Ее высокая соседка, в темных очках, молча и вежливо улыбалась.
— Недаром говорят, — хотела вступить в разговор цыганского вида женщина со стороны, — им, мужикам, хоть кляп в рот, так они через глаза налижутся.
Женщина протиснулась к собеседницам, понимающе поцокала.
Но даже эта общительная старушка не повернула к ней из очереди головы — как к чужой.
— Вон в Узбекистане, — заговорил бас с хвоста. — Председатель колхоза… чего только у него не обнаружили: и золото, и бабы…
— Не говорите!.. Пораспускали!.. Советская власть не дошла еще туда! — волной от него прокатилось по всей цепочке до окошечка. — Овец отары — не знают чьи, не признаются…
Очередь, вероятно, не могла обходиться без будоражащего разговора. Ей словно постоянно нужно было поддерживать свой тонус.
— И у нас не лучше, — попыталась еще раз приладиться к волне все та же цыганского вида женщина со стороны. — Вон директор компрессорного… Да и вообще, как ни раскроешь газету — так про какого-нибудь директора! Сажать их всех надо, что ли?
— Ну уж прямо так и всех! — заспорил с ней даже неочередной мужчина с солидным пузцом — возможно какой-нибудь начальник. — У нас вон работягу с целой коробкой передач поймали. И что же: сажать теперь всех работяг? Пойдем теперь один на одного?
Очередники смолкли, покосились на окружение.

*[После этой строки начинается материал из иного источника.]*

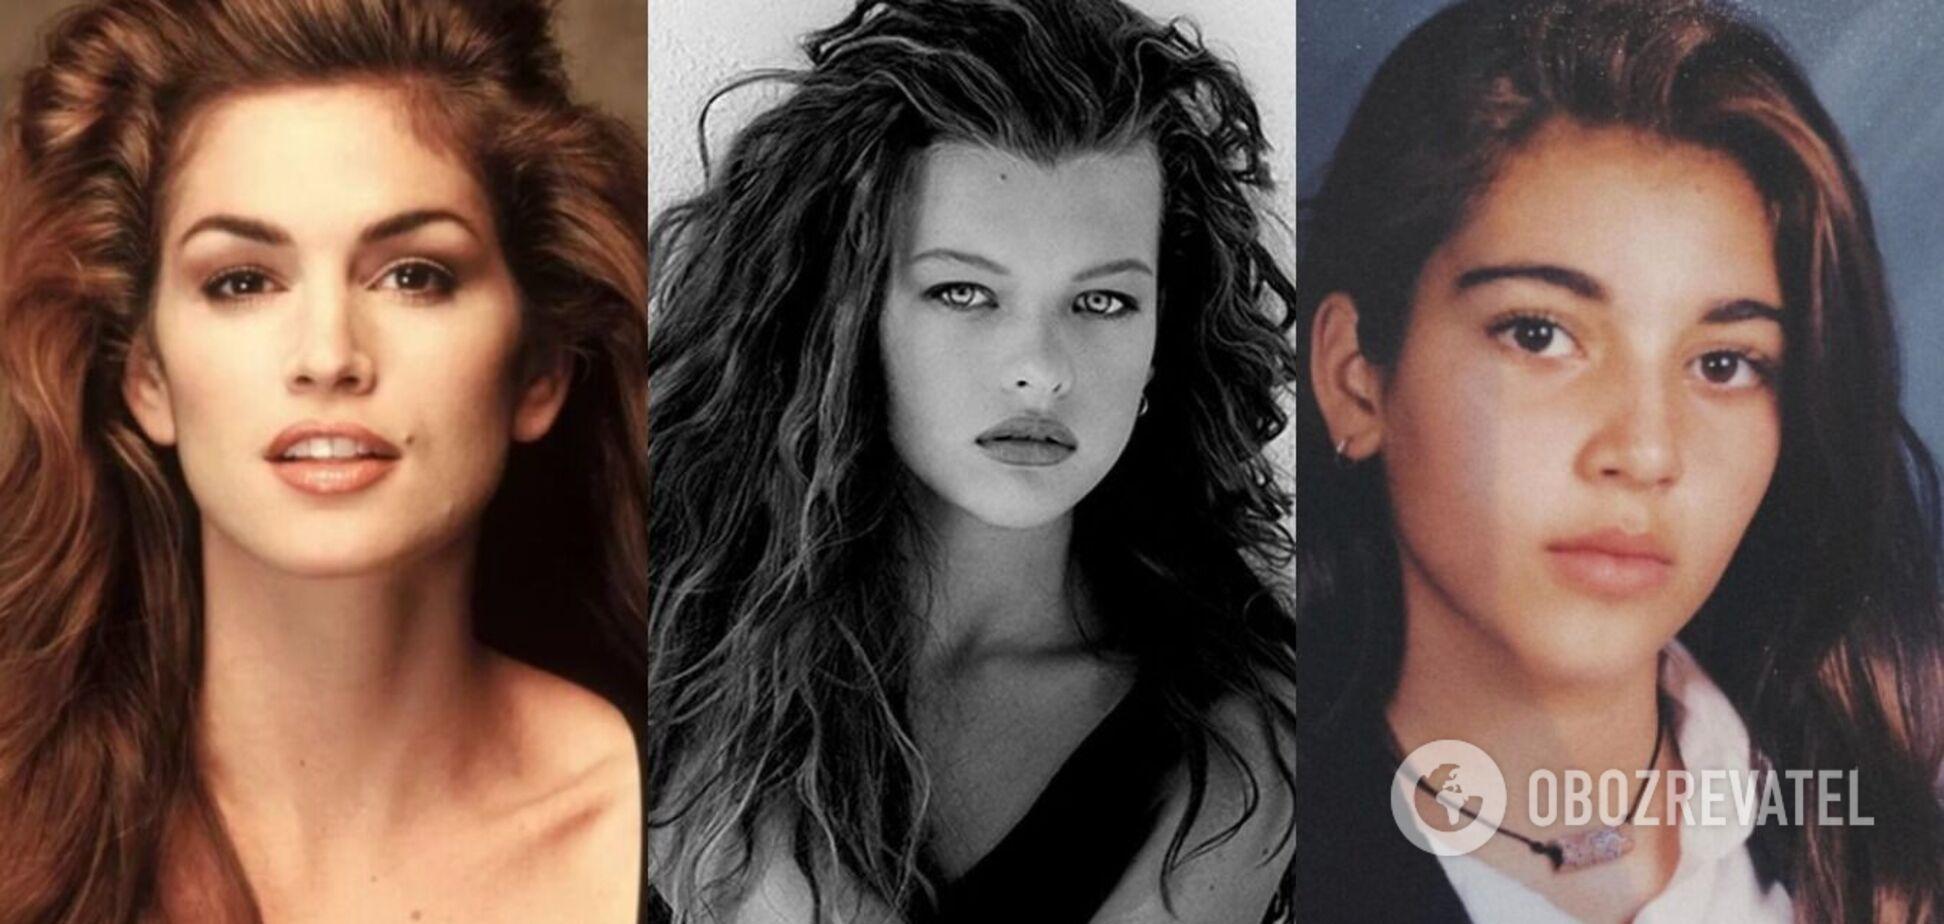 Топ-7 дочерей, которые невероятно похожи на звездных мам

— То ли дело мы, — вполголоса, явно в расчете только на своих, пошутил красавец парень у окошечка. — Стоим вот тут один за другим — и все равны, как на кладбище: начальники и подчиненные, мужчины и женщины… Все единоликие и единосущие…
Андрея всегда коробило, когда Галина за ужином вдруг начинала выкладывать ему про озверевшего мужчину, который жену свою зарубил, а мешок с ней к остановке такси вынес, то про председателя горисполкома, которого теперь, из-за аварии на каком-то доме, непременно должны были снять, то про ожидаемое повышение цен на сахар.
— Ты бы лучше газету читала, — морщился он. — А то набираешься всяких сплетен!
— Да эти сплетни, — оскорблялась Галина, — если хочешь знать, достовернее того, что ты в передовицах навычитываешь…
А сейчас даже он, точно пропитавшись общим духом, неожиданно для себя, стал вслух ругать аэровокзальное начальство:
— Ну не продохнуть, — хоть ни к кому вроде бы конкретно и не обратился он. — Пишут о заботе, о внимании… Неужели они не догадаются окна открыть?.. Или вентиляцию какую сделать, а?..
— Правда что, — тут же поддакнула девушка за его спиной. — Сто потов сойдет, пока тут…
Она, отвернувшись от него и смущенно оттянув лиф платья, подула себе на грудь. Других, сторонних, девушка как бы не стеснялась, не видела.
Андрей, поймав себя на этой общности, поразился:
«А если бы я так каждый день, а?! Что бы тогда со мной было?..»
За окошечком, наконец, появилась и основательно устроилась на стуле кассирша — яркая, свежая, с богатыми перстнями на ухоженных руках. Странно, но то, что она была такая красивая и с такими перстнями, казалось Андрею естественным и непременным: там, по другую сторону барьера, находился словно другой, недоступный для него мир, и зарплаты там словно получали несоизмеримо другие. Он, конечно же, ничего такого не думал — просто так запечатлелась эта кассирша в его душе. И даже смотрела кассирша как-то по-особенному: она точно видела всех сразу, а не по отдельности, — совсем как всевластный кумир.
Первоочередной парень, кудрявый белокурый красавец, обольстительно улыбаясь, явно уверенный в своей неотразимости, обратился к ней с заказом. Она, глядя хоть и на него, но как-то будто сквозь, записала заказ на бумажку, кого-то и о чем-то спросила через приемничек, помолчала, потом отрицательно качнув головой, обернулась к усталой женщине, стоявшей за парнем.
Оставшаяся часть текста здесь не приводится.